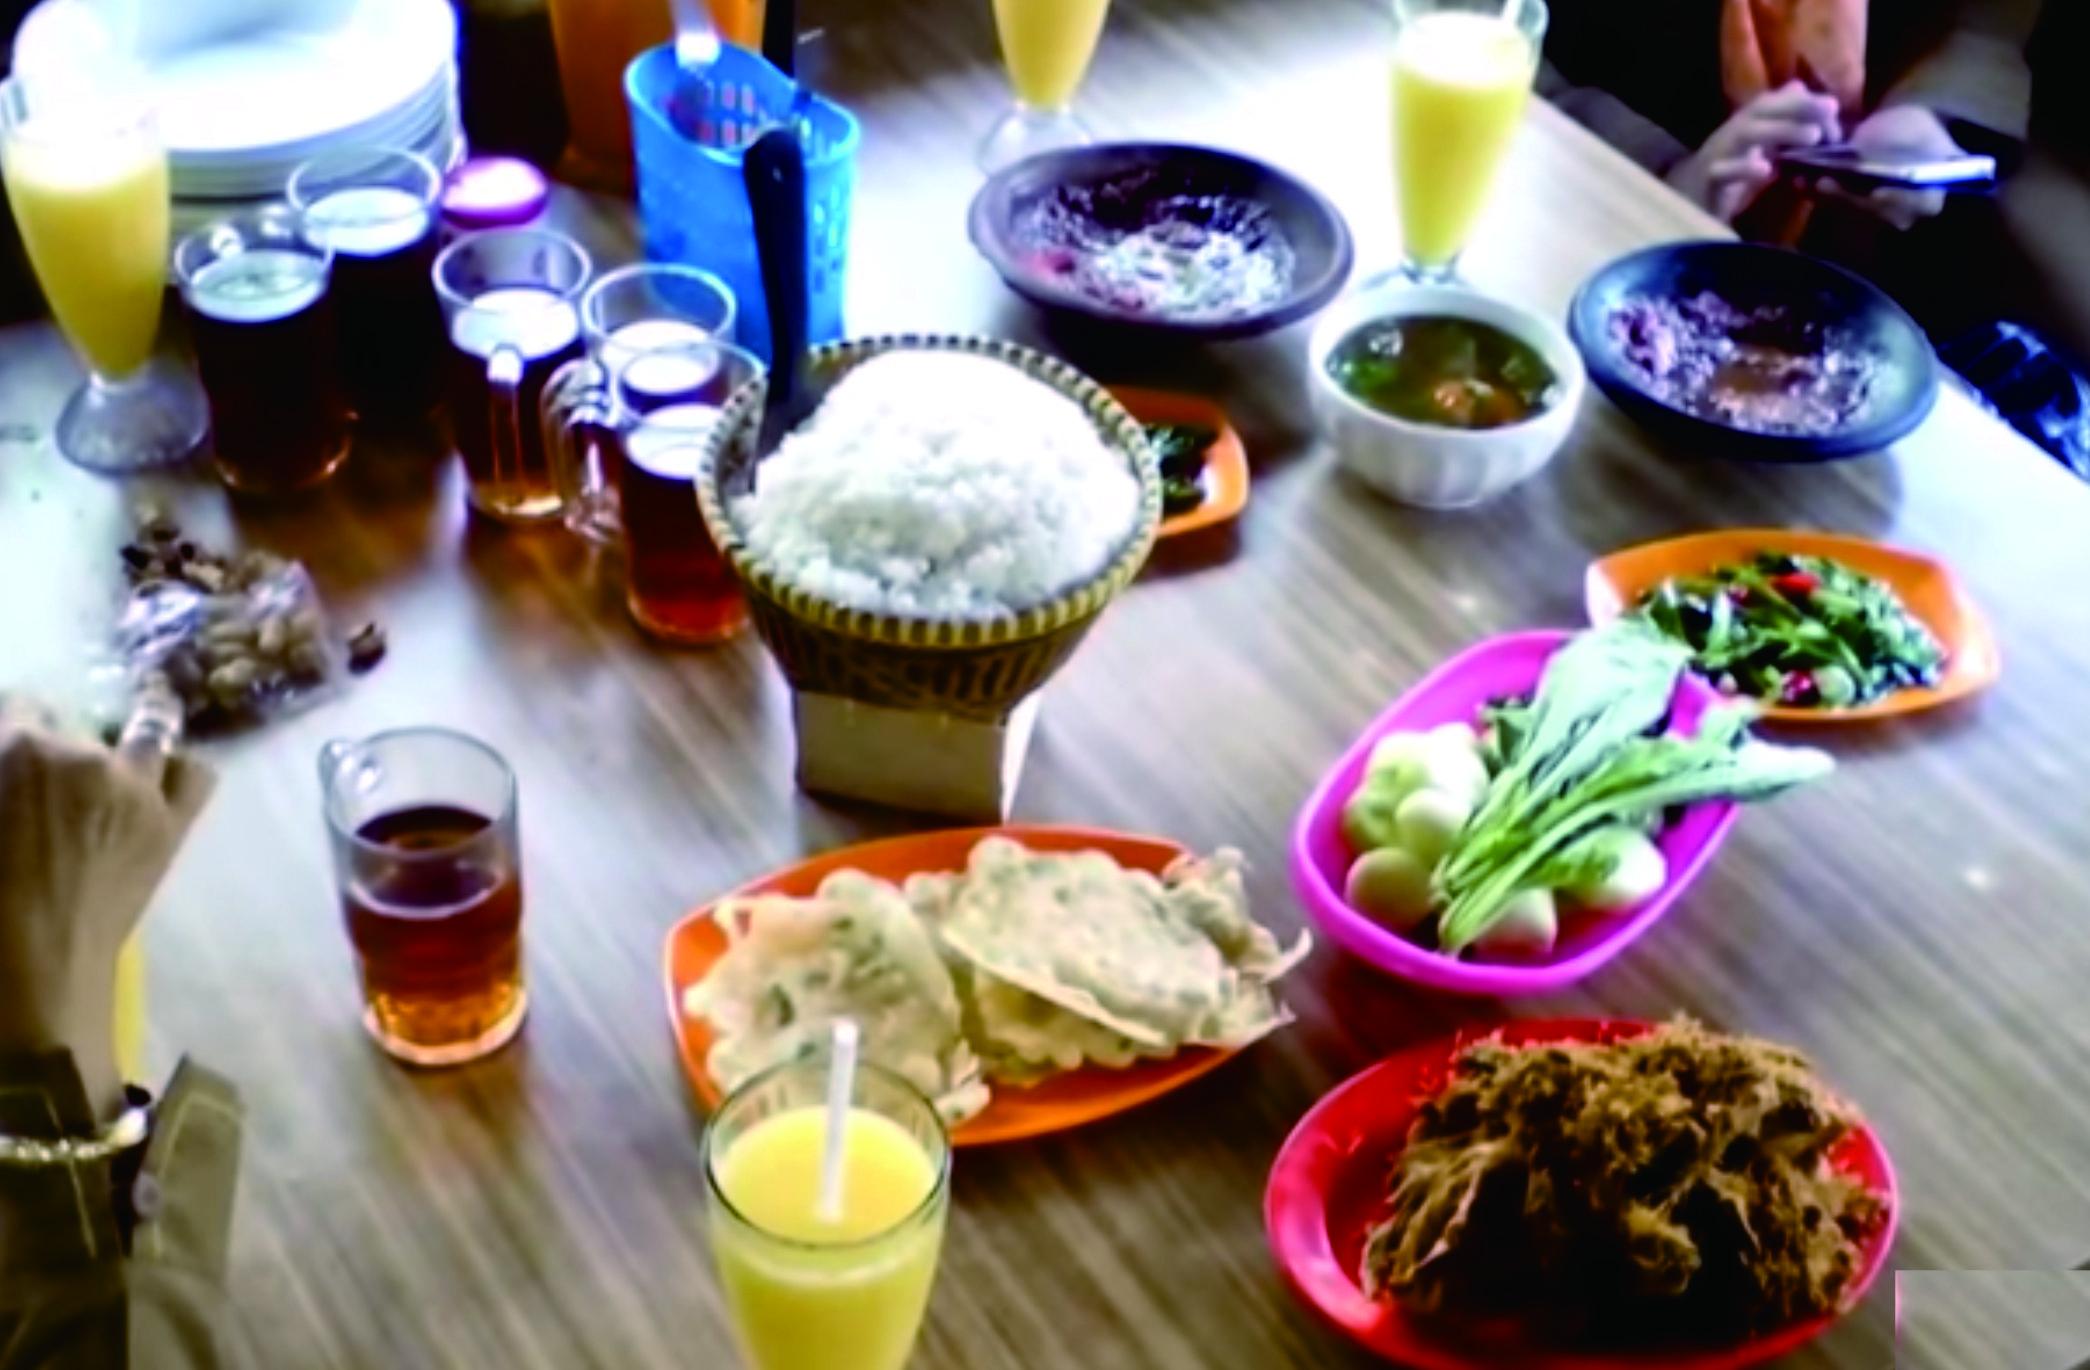 Makan Enak dan Istirahat Sampai Puas di Rumah Makan Mergosari
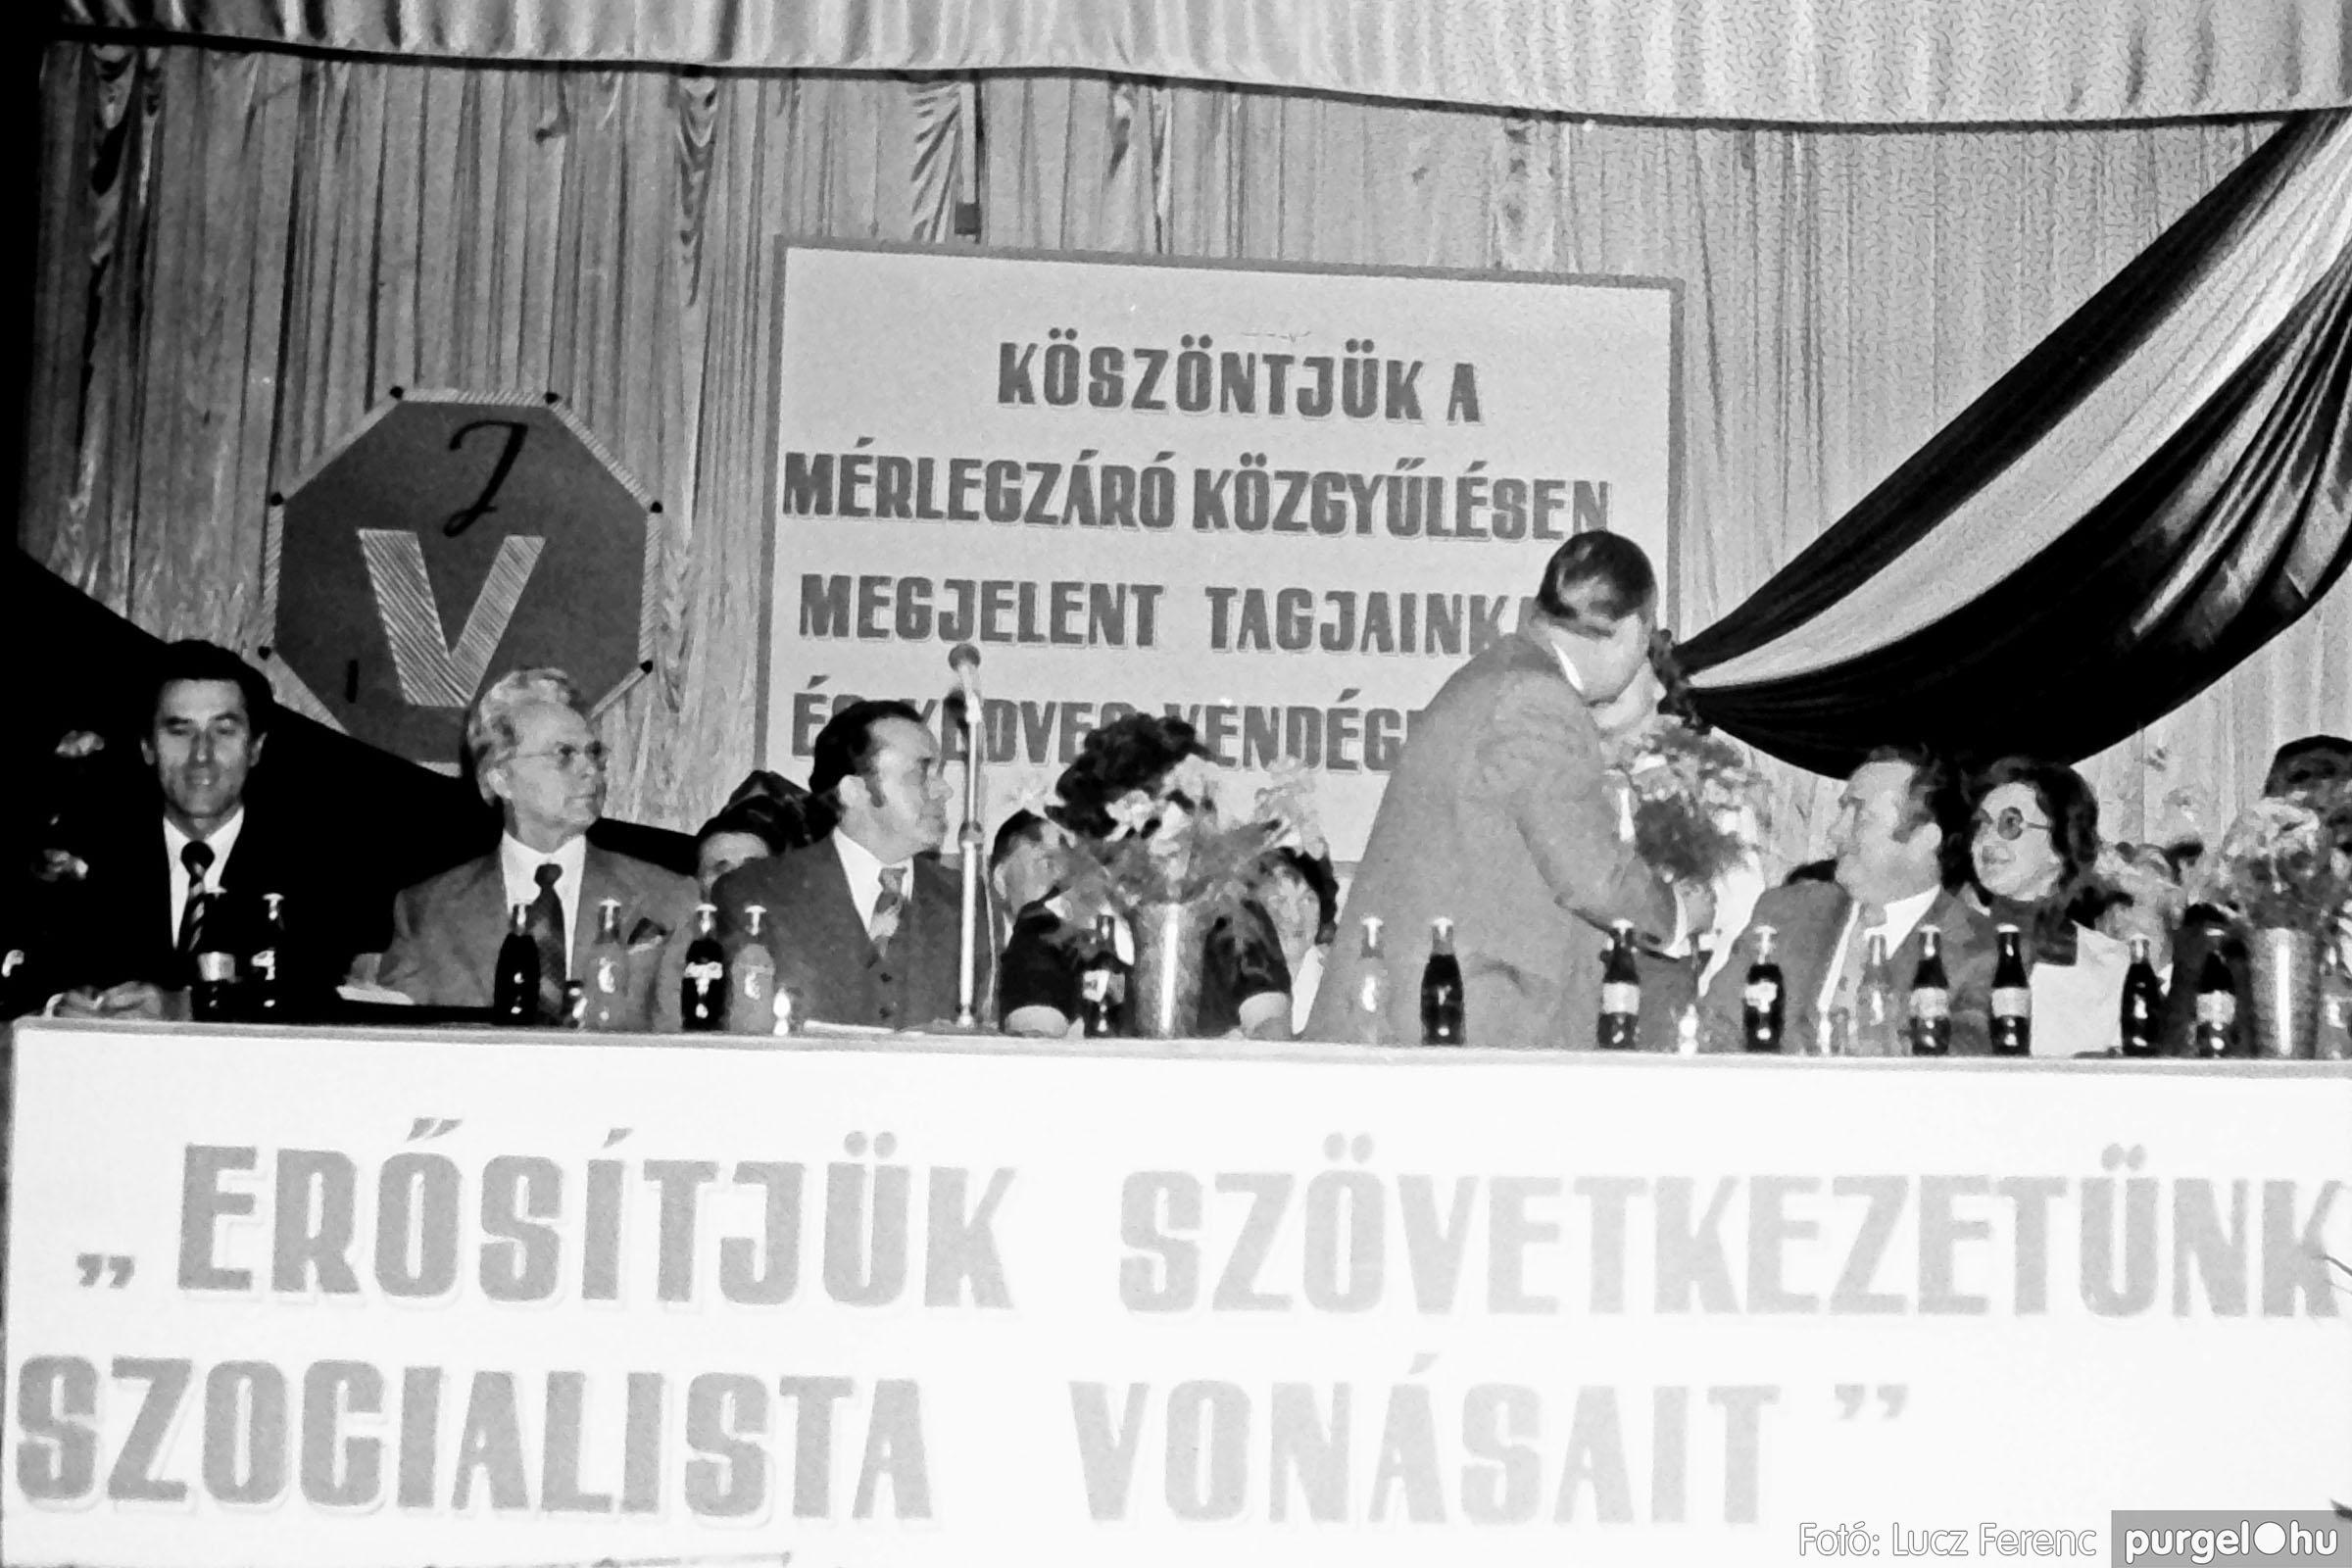 107. 1978. A KTSZ mérlegzáró közgyűlése 017. - Fotó: Lucz Ferenc.jpg
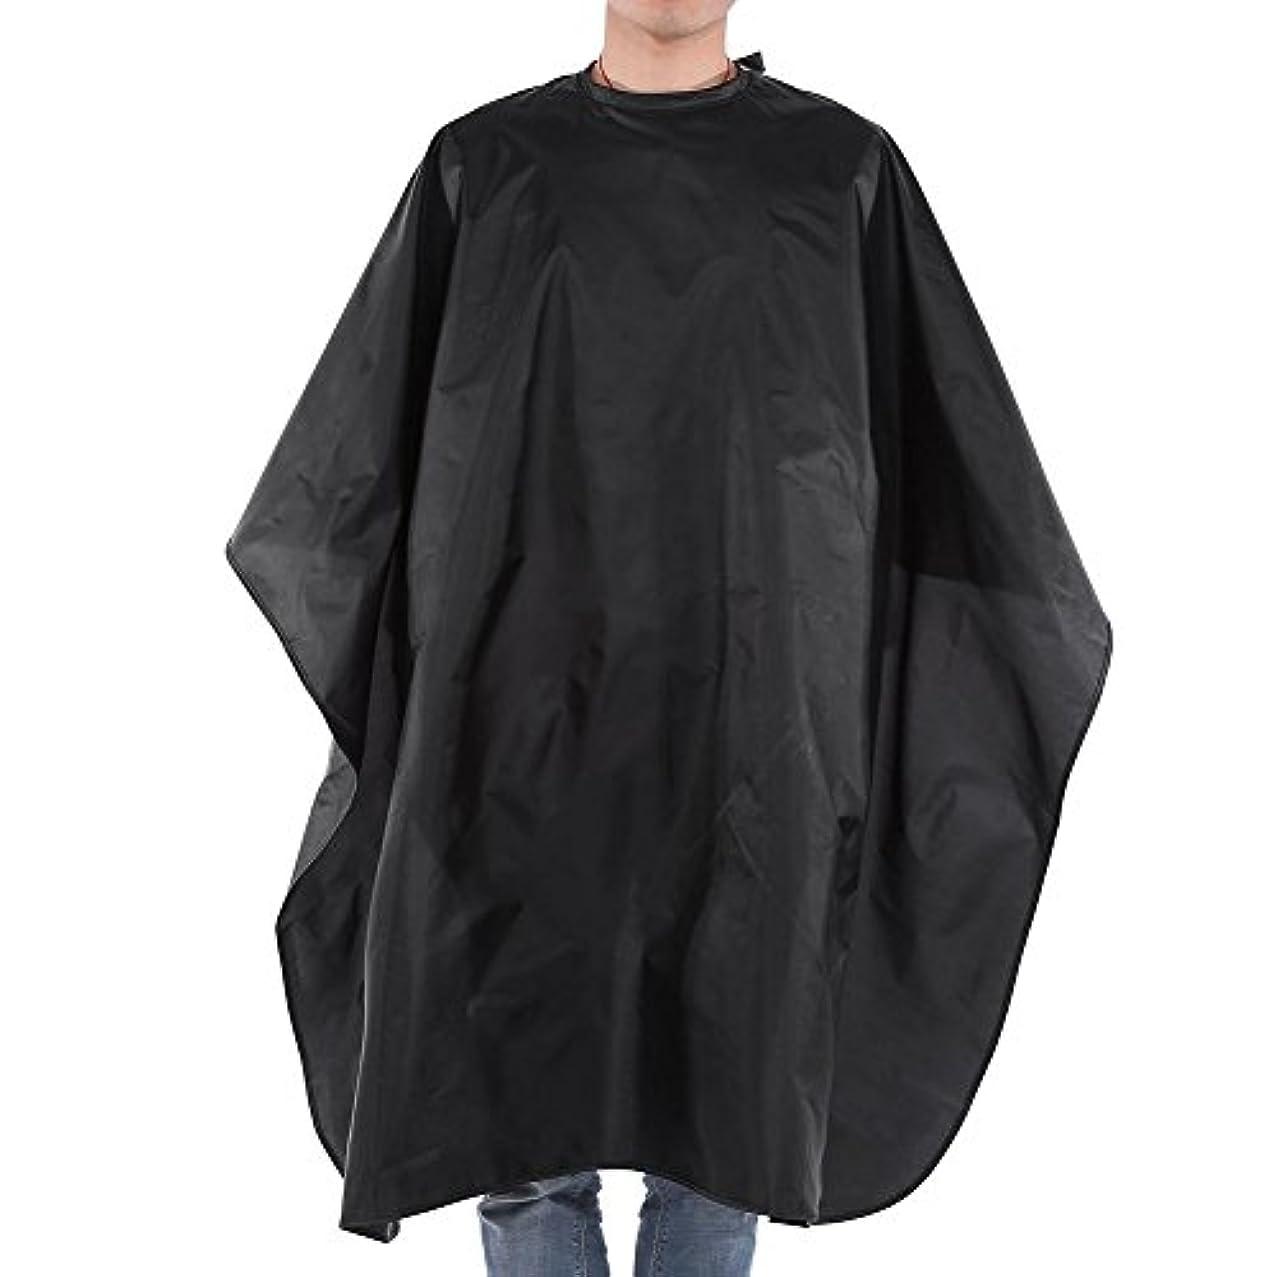 より良いハチ類似性理容室スタイリングケープ、ブラックサロンヘアカット理髪理髪店ケープガウン大人の布防水スナップクロージャー59×47インチ
---
ABOUT THIS EXERCISE »
The required response consists solely of the lines from the line containing "107. 1978. A" through the end of the listing, both ends included, copied exactly without pictures.

ANSWER TO THE PROBLEM »
 107. 1978. A KTSZ mérlegzáró közgyűlése 017. - Fotó: Lucz Ferenc.jpg
 より良いハチ類似性理容室スタイリングケープ、ブラックサロンヘアカット理髪理髪店ケープガウン大人の布防水スナップクロージャー59×47インチ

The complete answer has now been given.